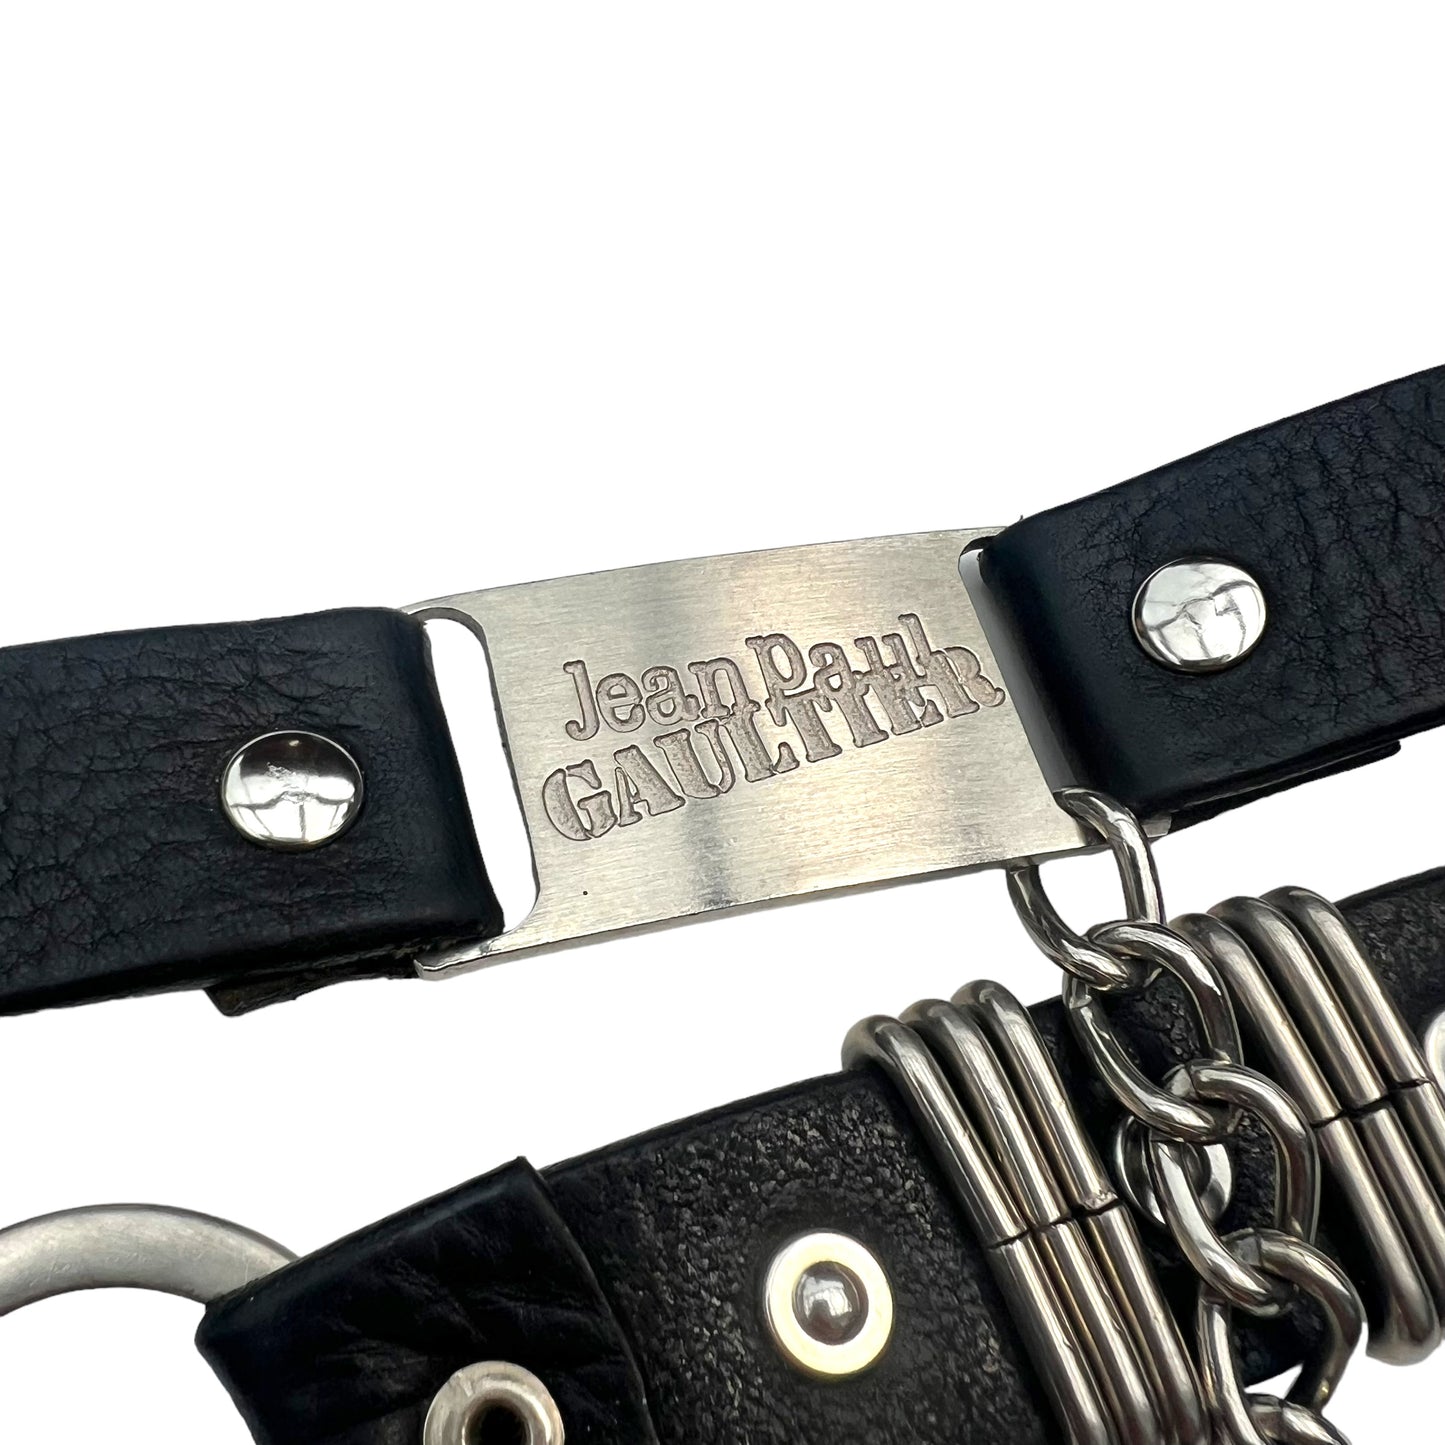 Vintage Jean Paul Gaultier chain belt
* * *
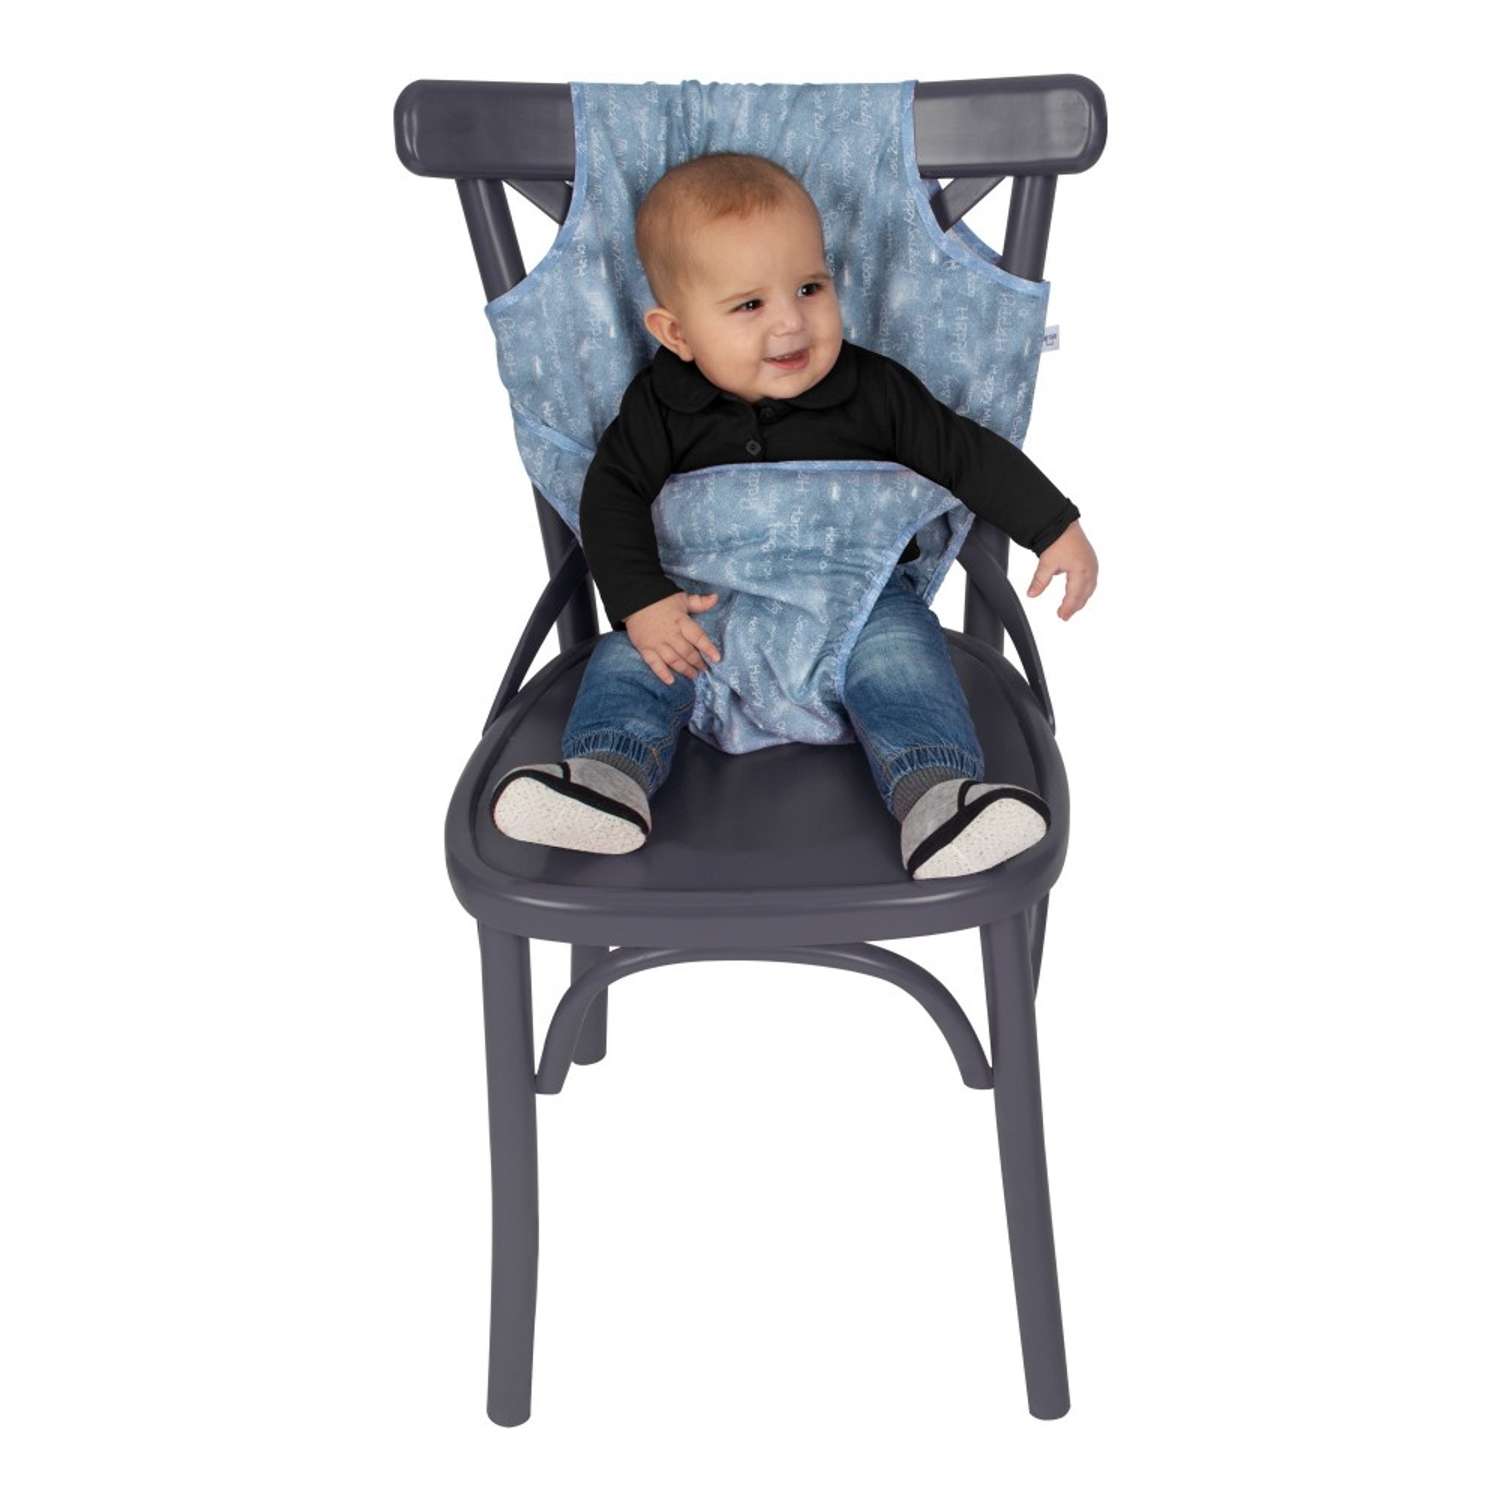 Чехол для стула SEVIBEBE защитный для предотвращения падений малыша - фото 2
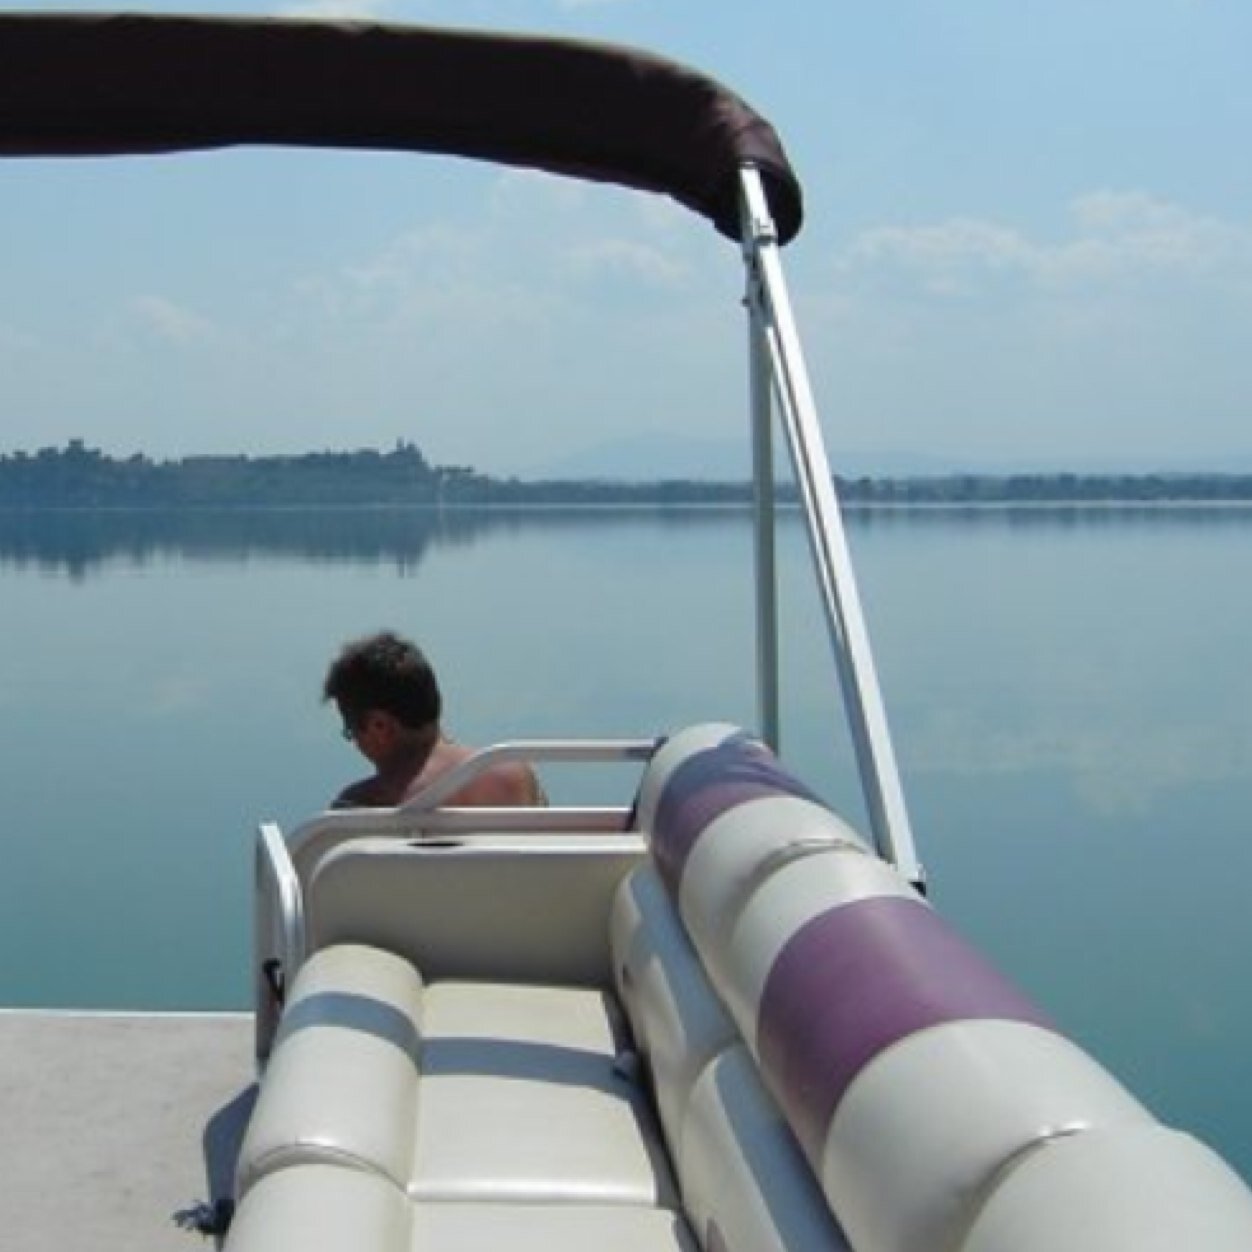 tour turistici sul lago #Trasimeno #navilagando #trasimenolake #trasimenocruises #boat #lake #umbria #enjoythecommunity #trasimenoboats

■ **Exercise**: Your answer should be the exact lines above from the one containing "Чехол для стула" through the one containing "tour turistici sul", with both end lines kept and the pictures removed, please.

■ **Solution to the problem**:
 Чехол для стула SEVIBEBE защитный для предотвращения падений малыша - фото 2
 tour turistici sul lago #Trasimeno #navilagando #trasimenolake #trasimenocruises #boat #lake #umbria #enjoythecommunity #trasimenoboats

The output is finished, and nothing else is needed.